To this end there is a solution, a solution that very nicely offers viable options to most, if not all of these quandaries — ecotourism. In ecotourism there lie economic opportunities for the local people, a reason to protect the natural assets, and, above all, the opportunity for many of us to see and understand the true majesty and joy of a wild parrot living a life of freedom. Conservation of ecosystems, the intricate webs of living creatures and plants, should be a viable consideration, but it is going to require that instead of — or in addition to — just sending a check to your favorite conservation organization, we must go to the places where there are efforts afoot to save these, as Dr. Charles Munn calls them, "nature fortresses." By doing so, we will not only support the efforts of local and like-minded people, but we will return home with a story that can never be told by a parrot in a cage. We will return as ambassadors for the wild parrots, for all parrots. Visiting the rainforest changes you, it changes the way you see parrots. It will make you understand the injustice of a captive bird. It changed me. I could not return after having seen the wilderness of the forests only to wonder if they would survive. I felt that I had a responsibility; I could not turn my back on what I saw without trying to do something. Could you?

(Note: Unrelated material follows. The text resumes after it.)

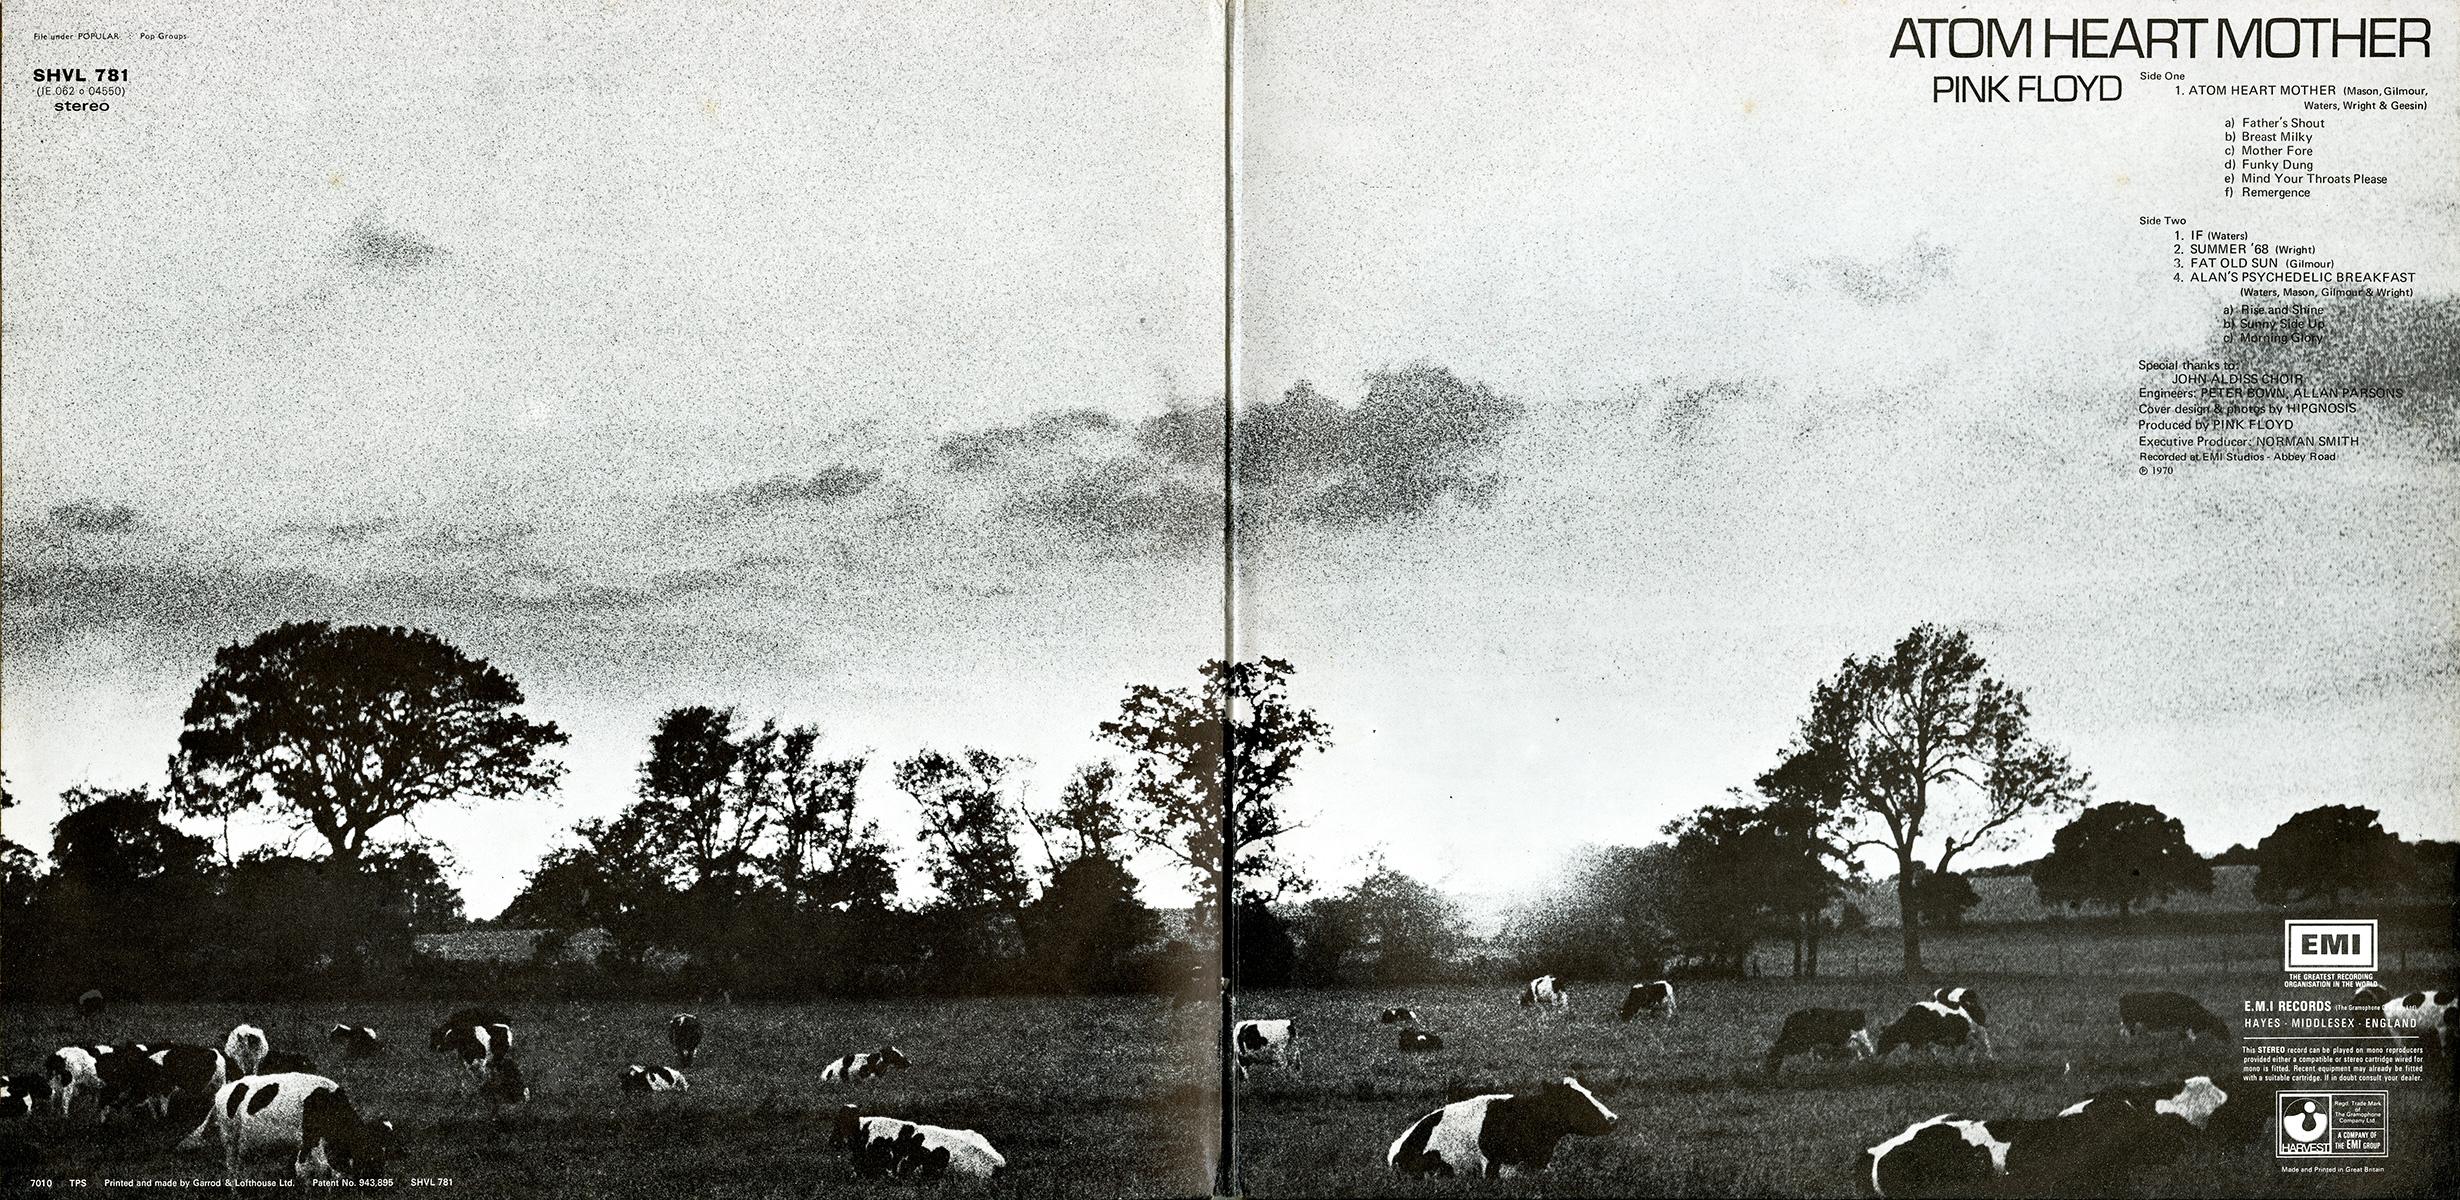 1970 - Atom Heart Mother [PINK FLOYD] [Album STUDIO] IC

A Red-bellied Macaw feeds on palm nuts near the proposed ecotourism base lodge site in the Kanuku mountains near the village of St. Ignatius, Guyana. (Photo by Marc Johnson)

A Red-bellied Macaw feeds on palm nuts near the proposed ecotourism base lodge site in the Kanuku Mountains near the village of St. Ignatius, Guyana.

(Photo by Marc Johnson)

My opportunity to contribute to the conservation of parrots in the wild came after several trips to Guyana with my good friend Brian Cullity. Guyana is a country rich with vast untouched rainforests and a sparse population located on the coast with many Amerindian villages scattered across its 83,000 square miles. We were fortunate to meet several people, including Damon Corrie, Paul Farias, and member of the Guyanan parliament, Shirley Melville, who all are not only concerned about saving as much wilderness as possible, but also in preserving their Amerindian culture. An agreement to stop the trapping of parrots was made in exchange for help developing an ecotourism-based income for the village of St. Ignatius. The nearby Kanuku mountain range (elevation 1,600 feet) is home to a clay lick, Harpy Eagle nesting sites, Howler Monkeys, Jaguar, and Cock of the Rock, and plans are now underway to build a base lodge with two or three overnight shelters in the mountains where visitors will be able to take 1-, 3- or 5-day hikes. For those not wishing to take the strenuous hike into the mountains, there are many varieties of parrots near the proposed base lodge site. Flocks of Red-bellied Macaws can be found each morning feeding off palm nuts offering some great photo opportunities as they are quite used to humans passing by. We are hopeful that enough people will visit this site in southern Guyana to not only allow the village to continue without the income derived from trapping, but also to encourage other villages to develop their own ecotourism ventures. So…get off the couch! Go away! You'll be a different person when you get back and you will have contributed to saving wild parrots.

Cost of a digital camera…$300.00; a plane ticket and eco-tour…$1500.00; the memory you will carry with you for the rest of your life after seeing a parrot fly in the valley below you…Priceless.


Marc Johnson is the Founder and Executive Director of Foster Parrots, a captive parrot rescue, adoption, and placement organization just south of Boston, Massachusetts.


Editor's Note: Please remember that wild parrots and captive parrots are genetically identical. Captive parrots were born to be wild and live free like the birds described in this article. It is impossible to address issues of avian welfare without acknowledging the diverse and contrasting challenges presented by conservation, species survival, exploitation and companionization of parrots by the pet trade, and our responsibility to provide the best quality of life captivity can offer those who will never live as nature intended.